Created on 9 Mar 2020  Â·  7Comments  Â·  Source: ktorio/ktor

Ktor Version and Engine Used (client or server and name)

implementation("io.ktor:ktor-client-core-jvm:1.3.1")
implementation("io.ktor:ktor-client-core:1.3.1")
implementation("io.ktor:ktor-client-jackson:1.3.1")
implementation("io.ktor:ktor-client-logging-jvm:1.3.1")
implementation("io.ktor:ktor-client-okhttp:1.3.1")
implementation("io.ktor:ktor-jackson:1.3.1")
implementation("io.ktor:ktor-metrics-micrometer:1.3.1")
implementation("io.ktor:ktor-metrics:1.3.1")
implementation("io.ktor:ktor-server-host-common:1.3.1")
implementation("io.ktor:ktor-server-netty:1.3.1")

Describe the bug

We've started seeing sporadic OkHttp exceptions in our tests when we upgraded from 1.3.0 to 1.3.1. Upon downgrading back to 1.3.0 (with no other changes) the tests were fine again.

The exception is:

java.io.EOFException: \n not found: limit=0 content=…
    at o.RealBufferedSource.readUtf8LineStrict(RealBufferedSource.java:240)
    at o.i.h.Http1ExchangeCodec.readHeaderLine(Http1ExchangeCodec.java:242)
    at o.i.h.Http1ExchangeCodec.readResponseHeaders(Http1ExchangeCodec.java:213)
    ... 20 common frames omitted
Wrapped by: java.io.IOException: unexpected end of stream on http://called-service/...
    at o.i.h.Http1ExchangeCodec.readResponseHeaders(Http1ExchangeCodec.java:236)
    at o.i.c.Exchange.readResponseHeaders(Exchange.java:115)
    at o.i.h.CallServerInterceptor.intercept(CallServerInterceptor.java:94)
    at o.i.h.RealInterceptorChain.proceed(RealInterceptorChain.java:142)
    at o.i.c.ConnectInterceptor.intercept(ConnectInterceptor.java:43)
    at o.i.h.RealInterceptorChain.proceed(RealInterceptorChain.java:142)
    at o.i.h.RealInterceptorChain.proceed(RealInterceptorChain.java:117)
    at o.i.c.CacheInterceptor.intercept(CacheInterceptor.java:94)
    at o.i.h.RealInterceptorChain.proceed(RealInterceptorChain.java:142)
    at o.i.h.RealInterceptorChain.proceed(RealInterceptorChain.java:117)
    at o.i.h.BridgeInterceptor.intercept(BridgeInterceptor.java:93)
    at o.i.h.RealInterceptorChain.proceed(RealInterceptorChain.java:142)
    at o.i.h.RetryAndFollowUpInterceptor.intercept(RetryAndFollowUpInterceptor.java:88)
    at o.i.h.RealInterceptorChain.proceed(RealInterceptorChain.java:142)
    at o.i.h.RealInterceptorChain.proceed(RealInterceptorChain.java:117)
    at okhttp3.RealCall.getResponseWithInterceptorChain(RealCall.java:221)
    at o.RealCall$AsyncCall.execute(RealCall.java:172)
    at o.i.NamedRunnable.run(NamedRunnable.java:32)
    at j.u.c.ThreadPoolExecutor.runWorker(ThreadPoolExecutor.java:1128)
    at j.u.c.ThreadPoolExecutor$Worker.run(ThreadPoolExecutor.java:628)
    at java.lang.Thread.run(Thread.java:834)
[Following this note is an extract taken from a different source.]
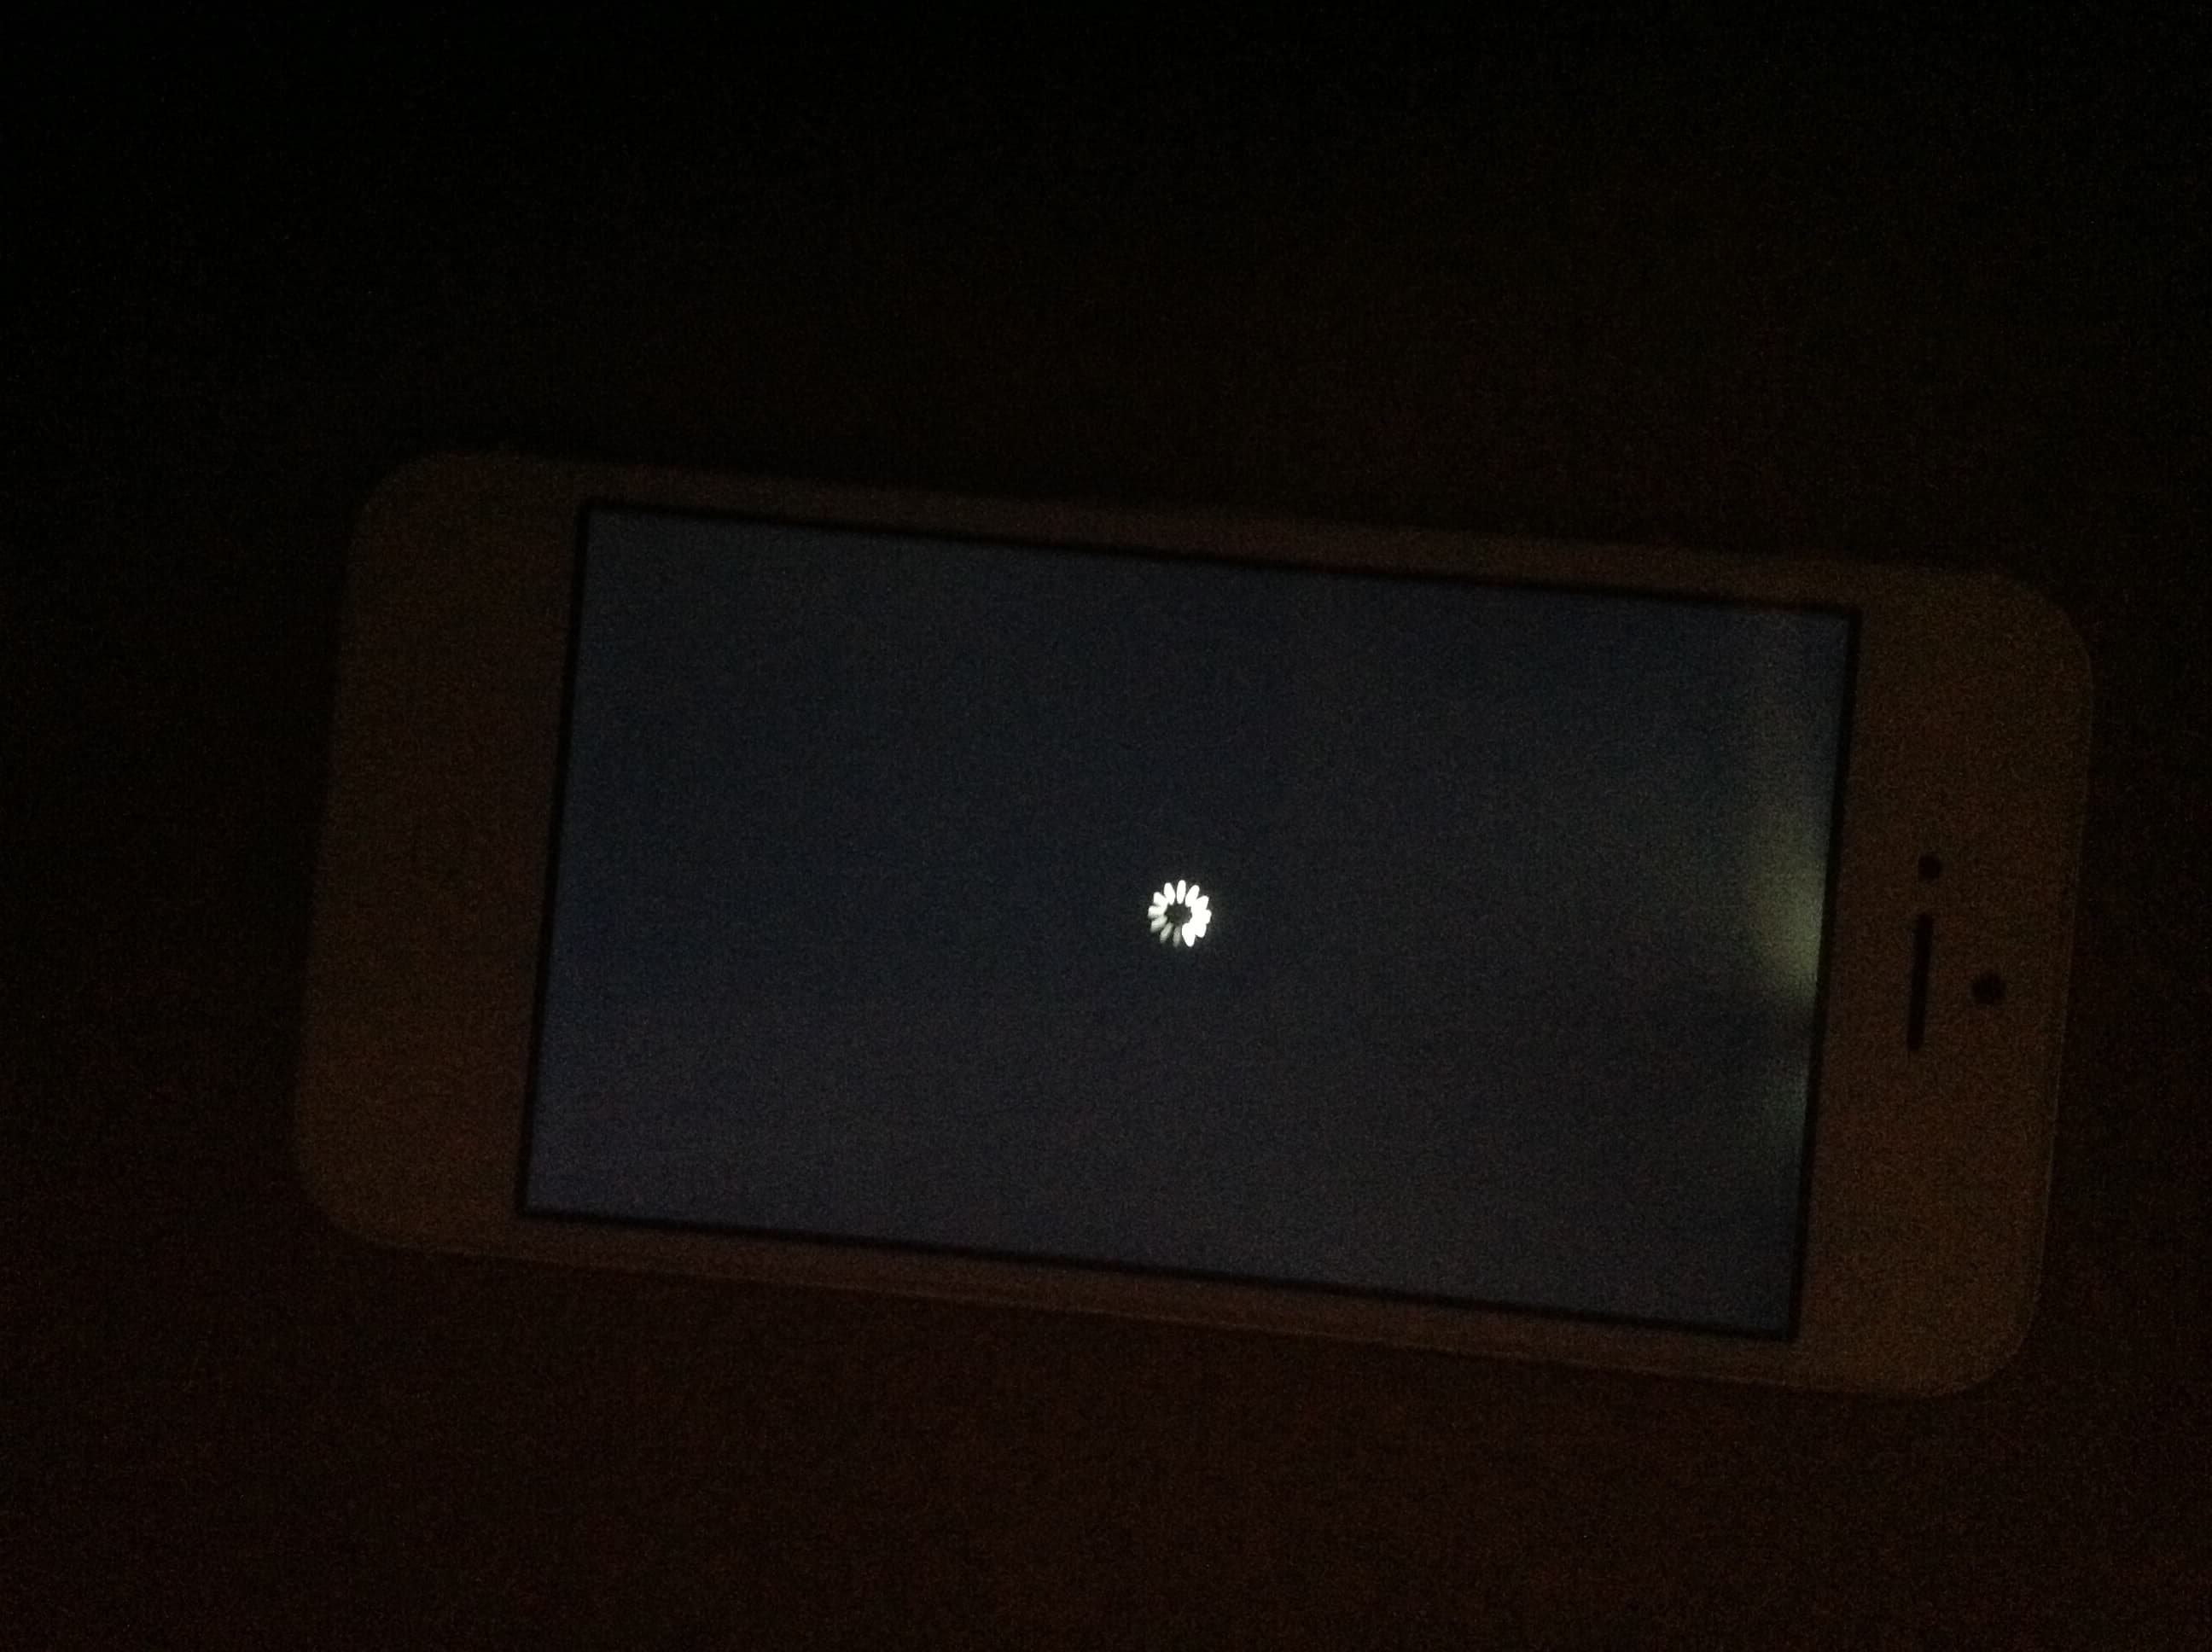 Tiết lộ cách nhận biết màn hình điện thoại iPhone bị hở sáng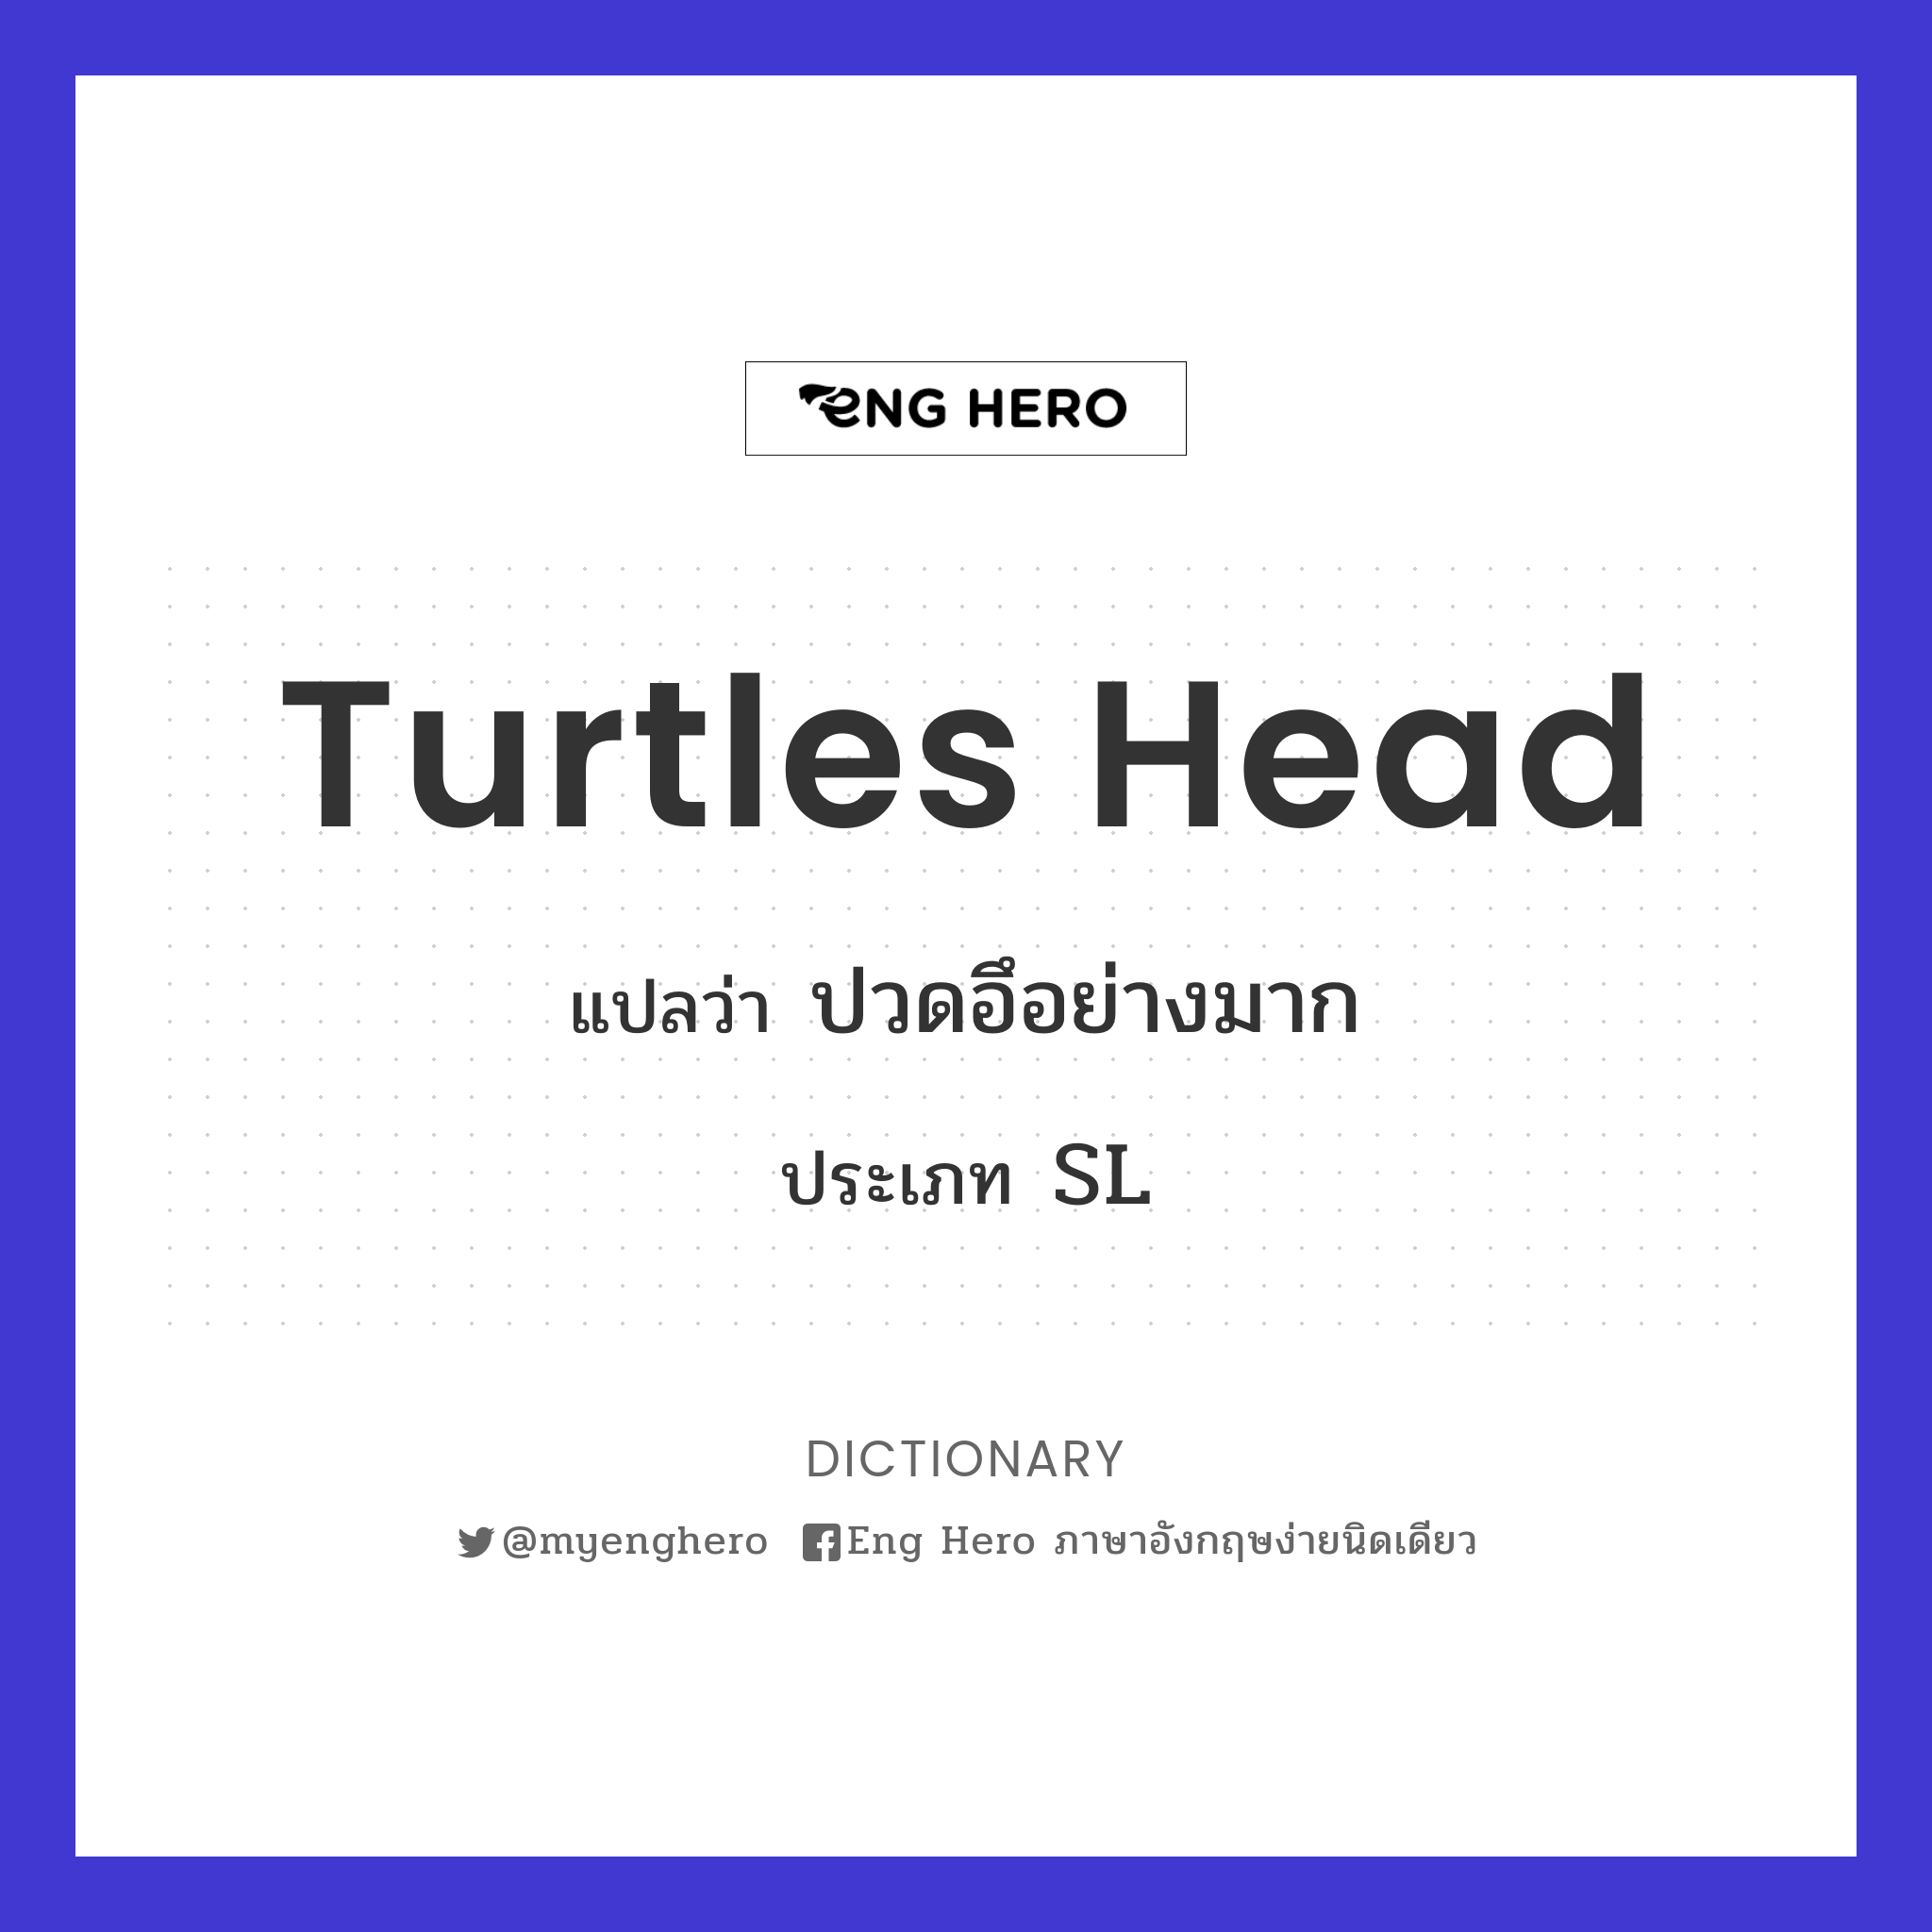 turtles head

It looks like the HTTP client receives an EOF while reading the response headers from calling http://called-service/... I don't think the culprit is the remote web server though, because this server is called from other services and it's only the one with ktor 1.3.1 that throws these errors. And this one is also fine with ktor 1.3.0.

This issue has already been raised before in the OkHttp repository, for example here.

From what I can see, both ktor 1.3.0 and 1.3.1 both depend on com.squareup.okhttp3:okhttp:3.14.2, so maybe this is due to a change in the way ktor uses OkHttp?

To Reproduce

Not easy to reproduce, unfortunately, because the error only occurs in a small percentage of requests (~5%). I'm hoping someone else observes this issue and can come up with a reproducible test.

Client bug

Most helpful comment

I've also got this issue.

  • Ktor 1.3.2
  • OkHttp 4.4.1
  • Ktor config is as simple as HttpClient(OkHttp).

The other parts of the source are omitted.